Task prompt: Write out again, word for word, the lines below from the line that holds "red map pin" through the line that holds "Bodily Hands-Free Pumping", omitting pictures.

Entries shown:
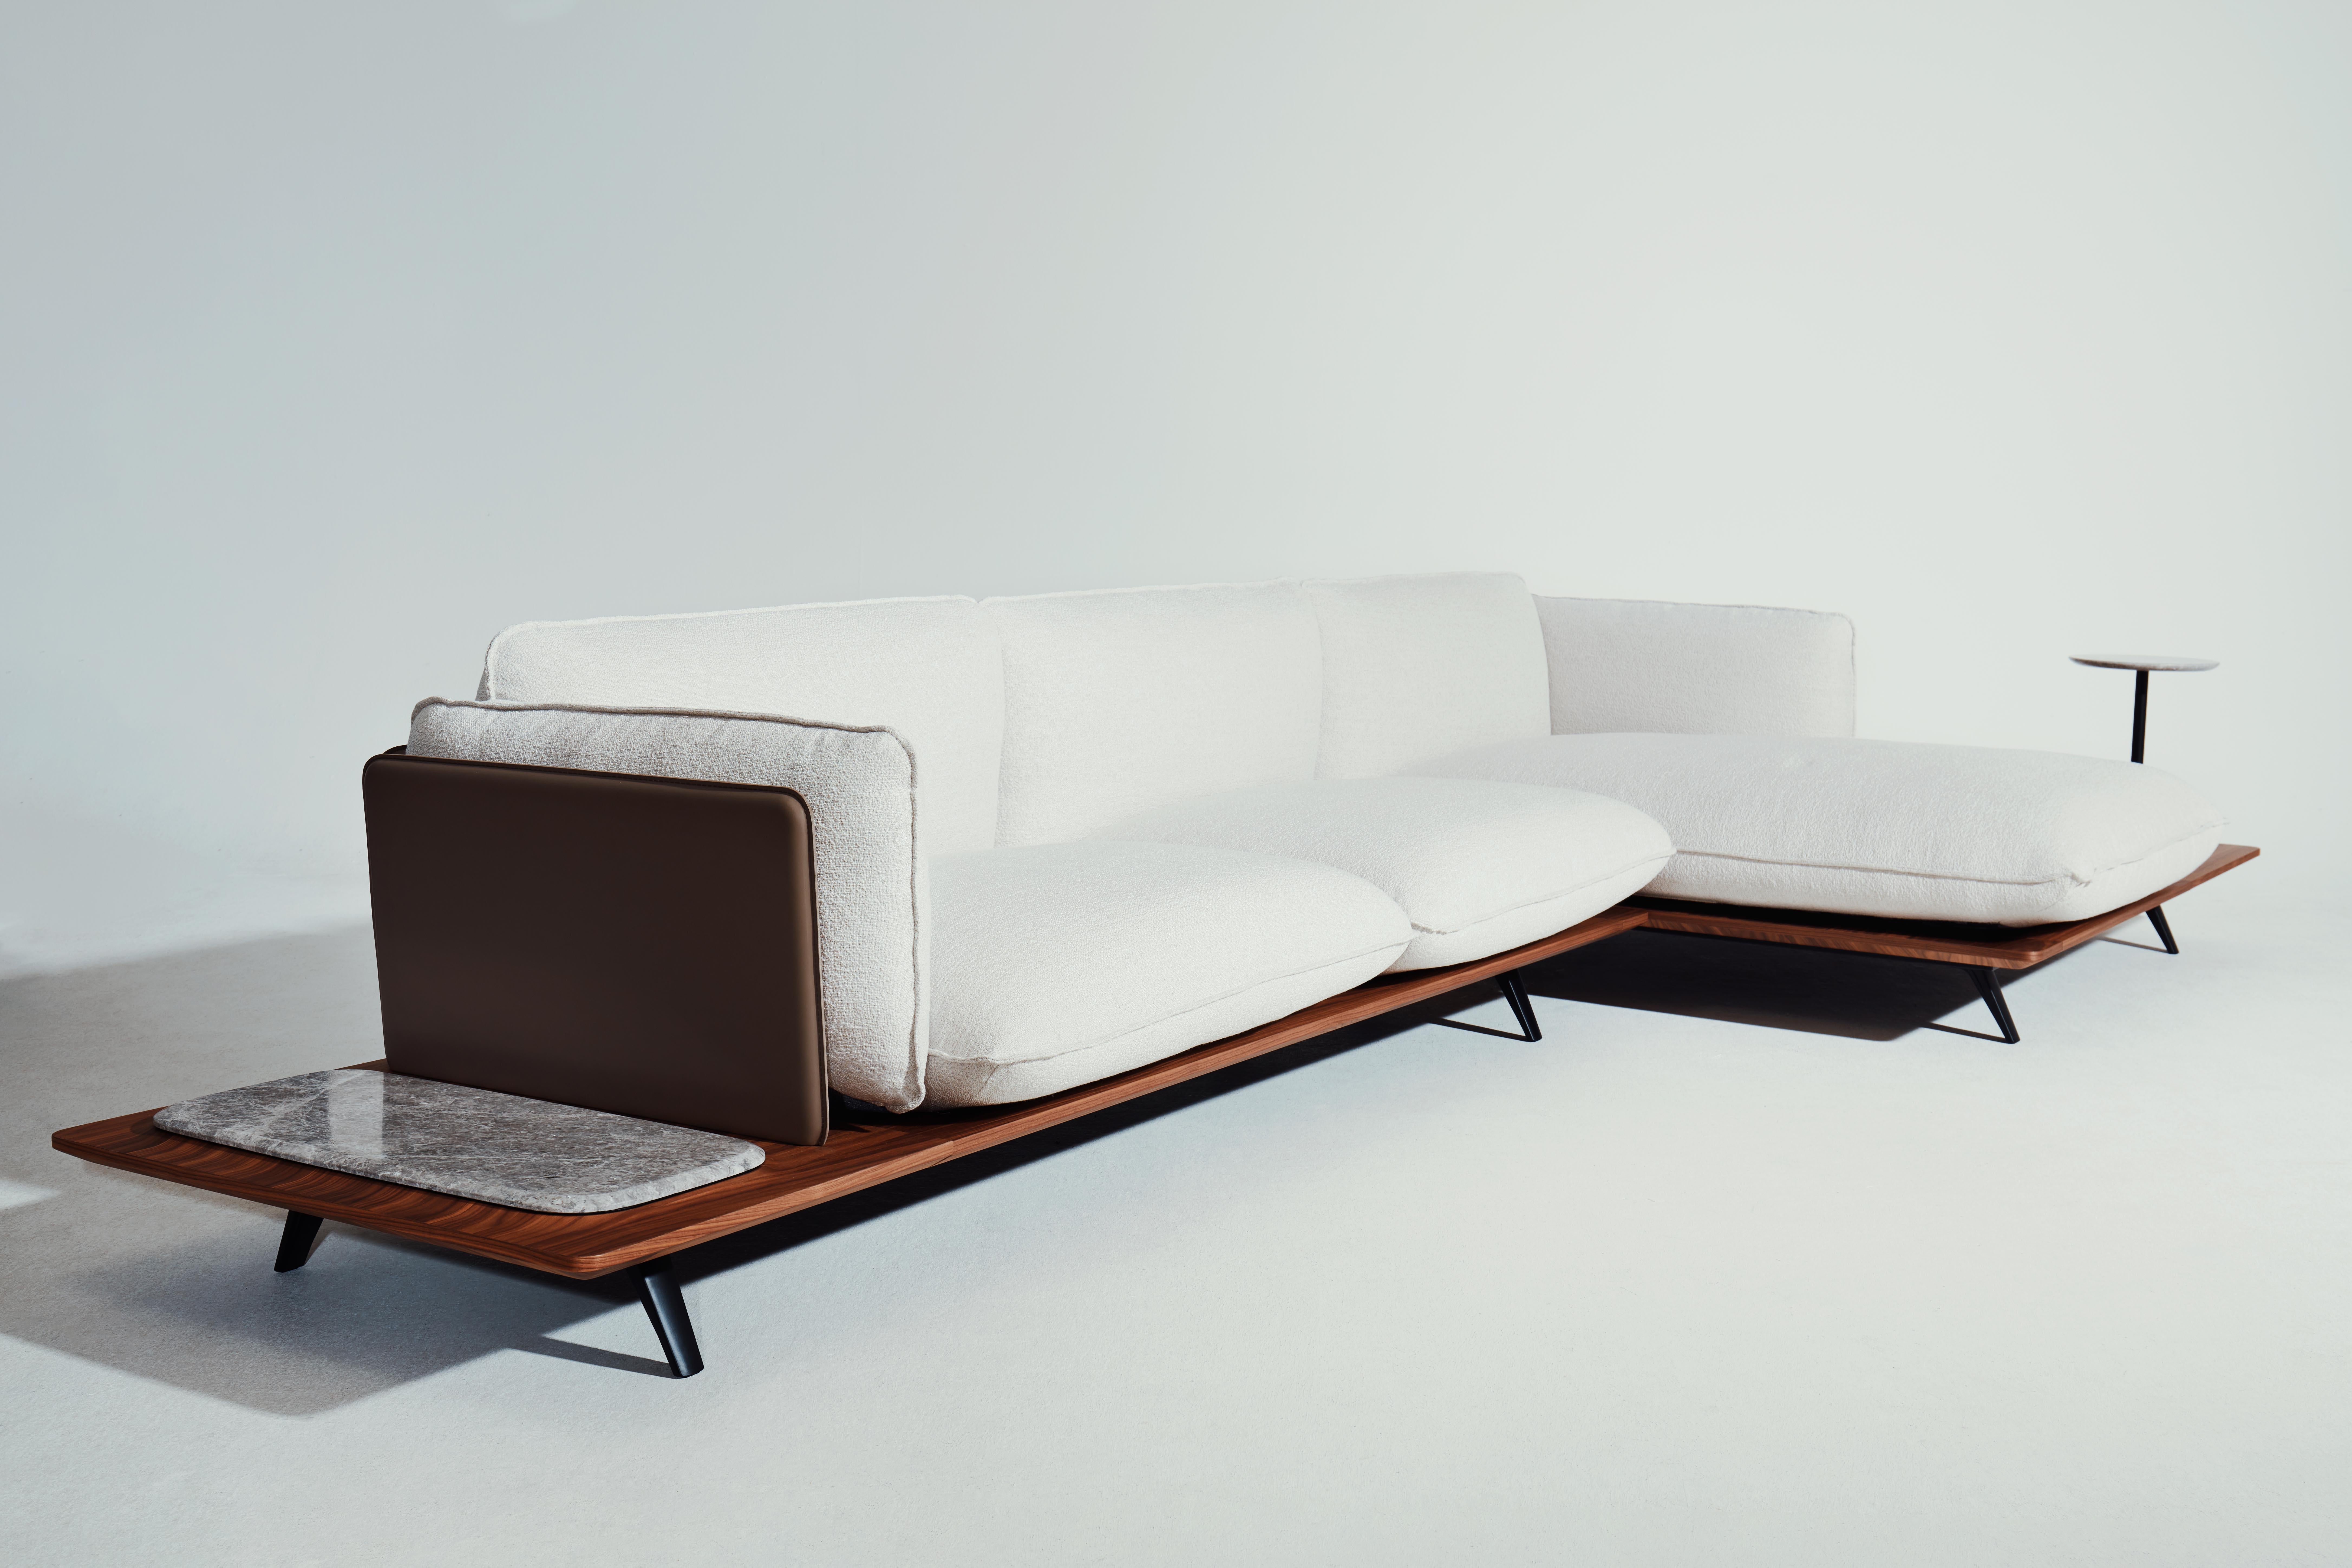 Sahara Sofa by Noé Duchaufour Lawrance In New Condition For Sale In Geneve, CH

...

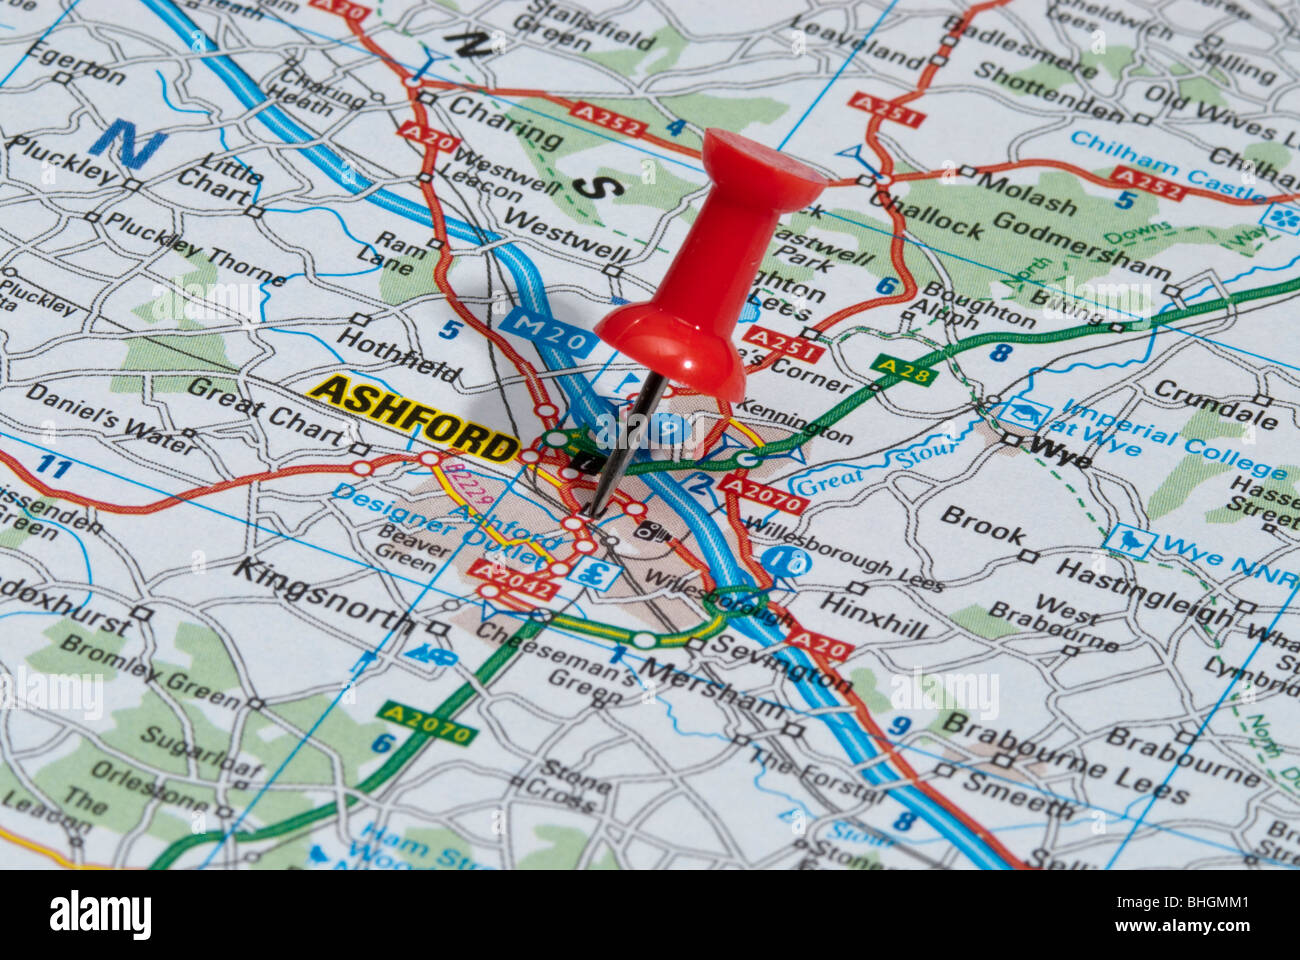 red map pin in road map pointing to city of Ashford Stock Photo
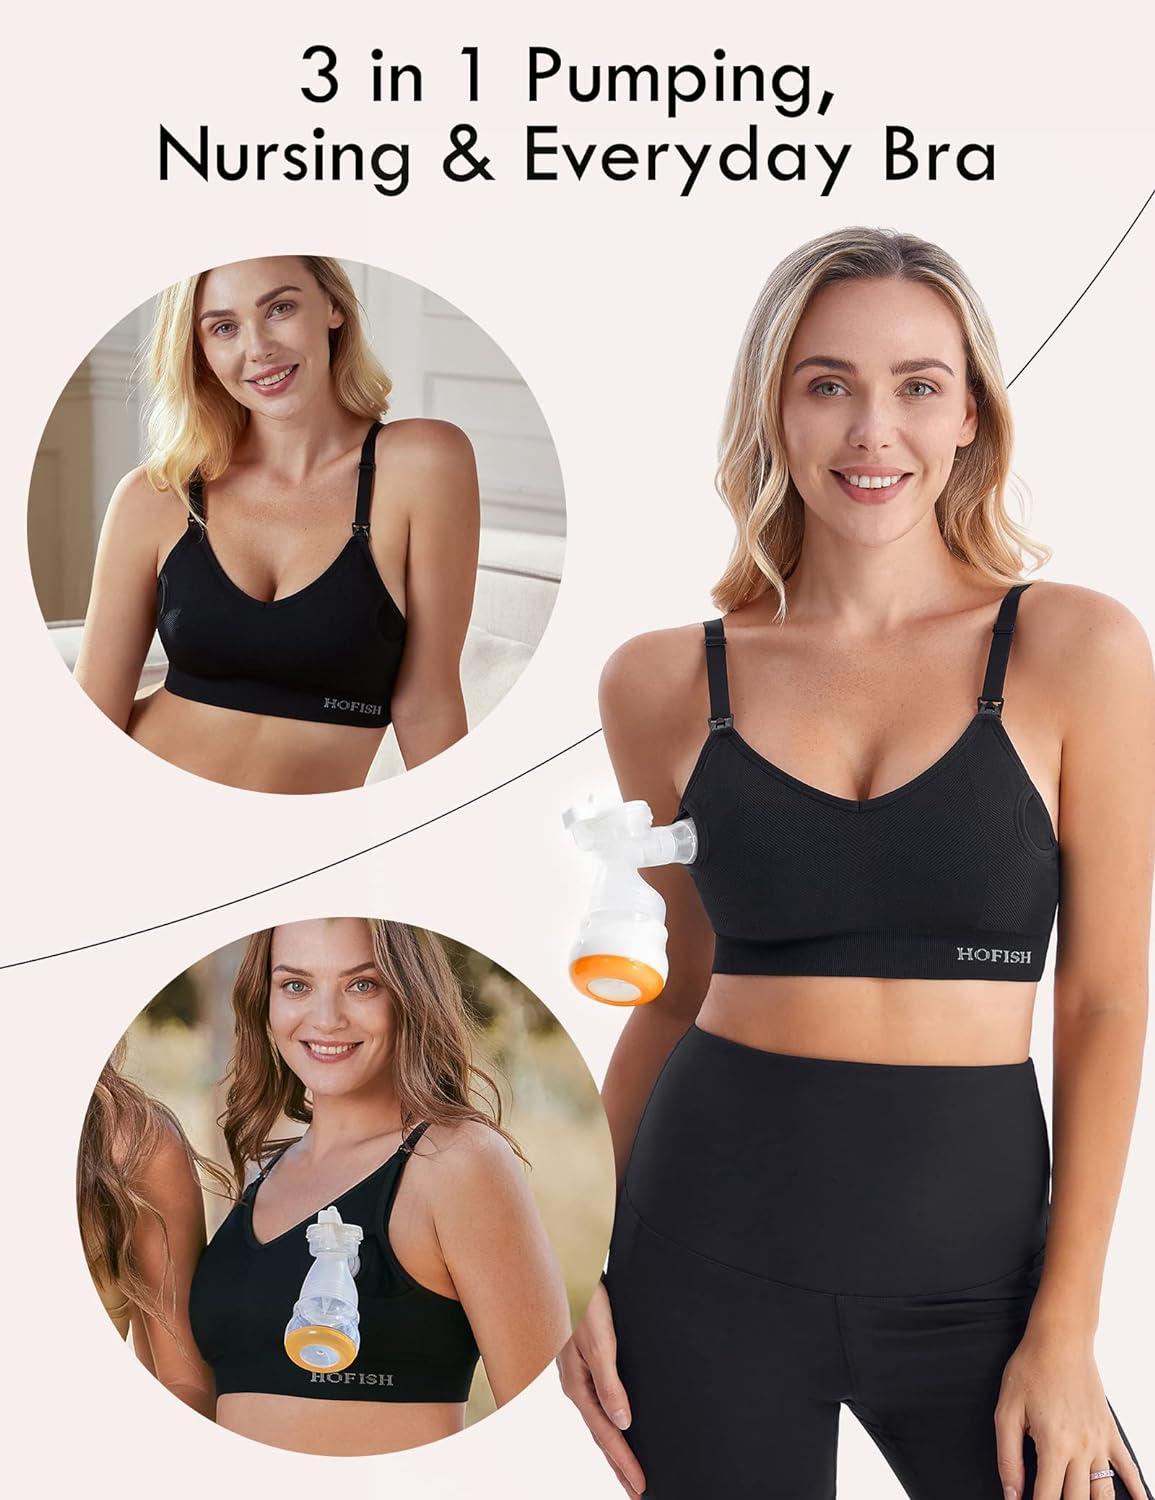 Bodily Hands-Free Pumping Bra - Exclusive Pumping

...

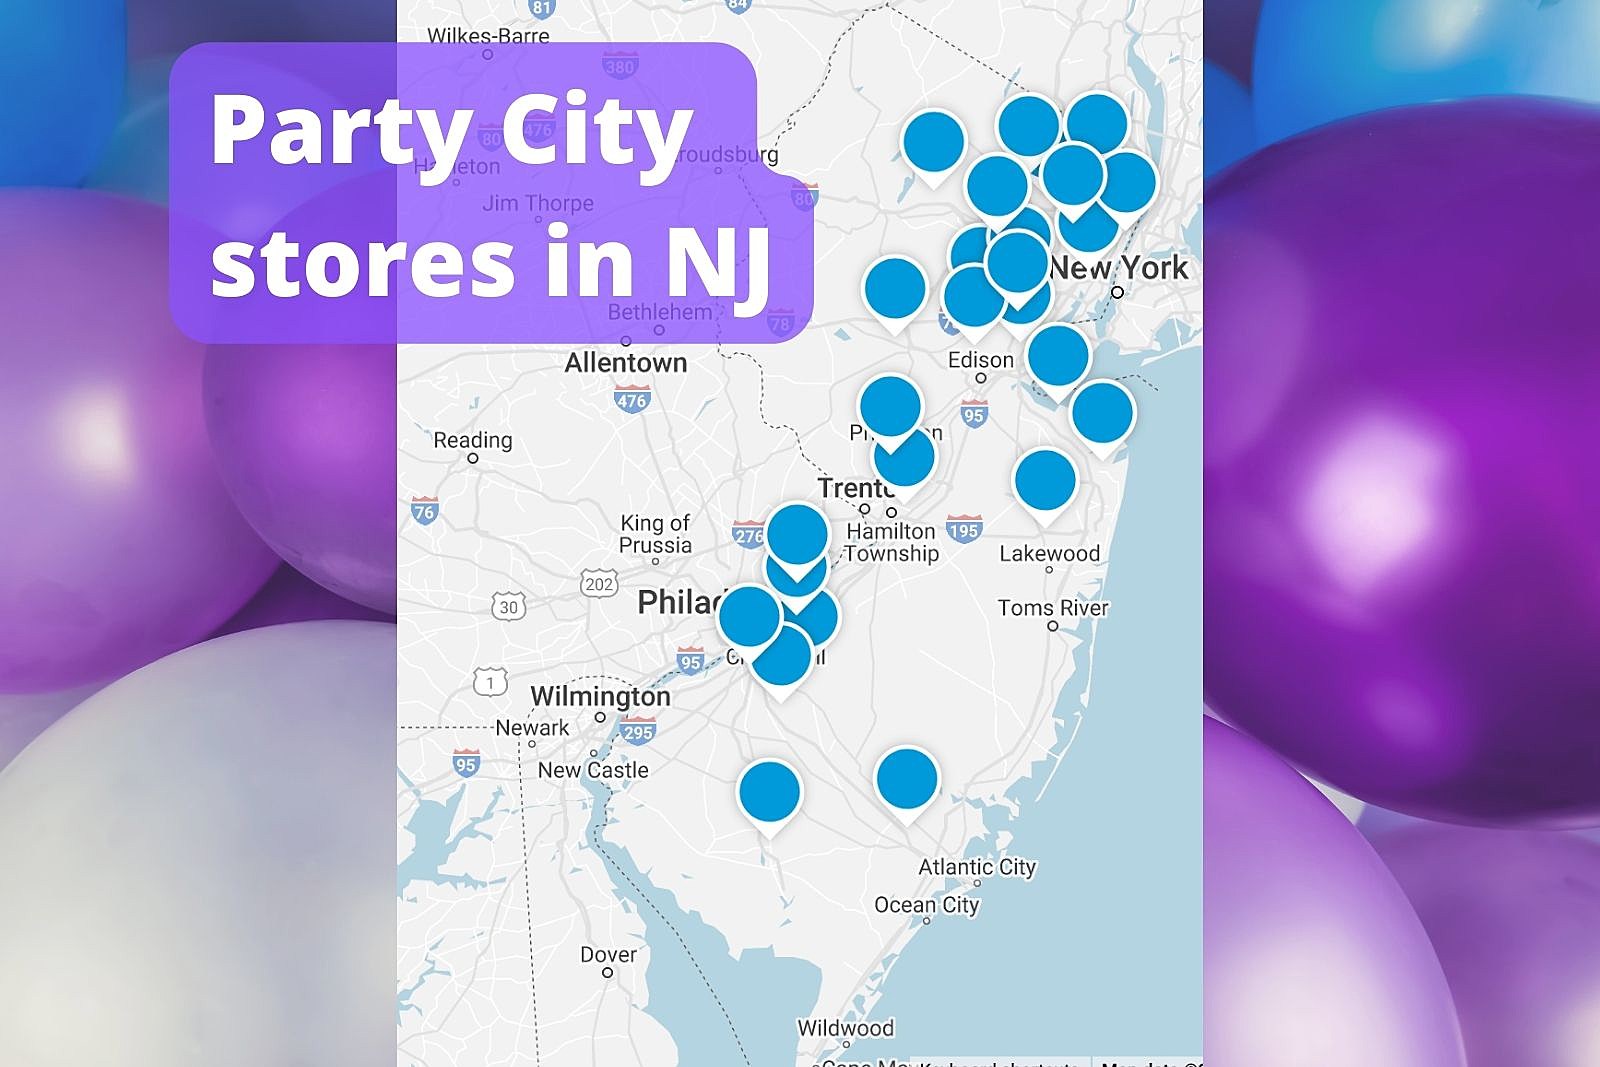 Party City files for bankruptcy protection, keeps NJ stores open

Solved exercise:
 red map pin in road map pointing to city of Ashford Stock Photo
 Bodily Hands-Free Pumping Bra - Exclusive Pumping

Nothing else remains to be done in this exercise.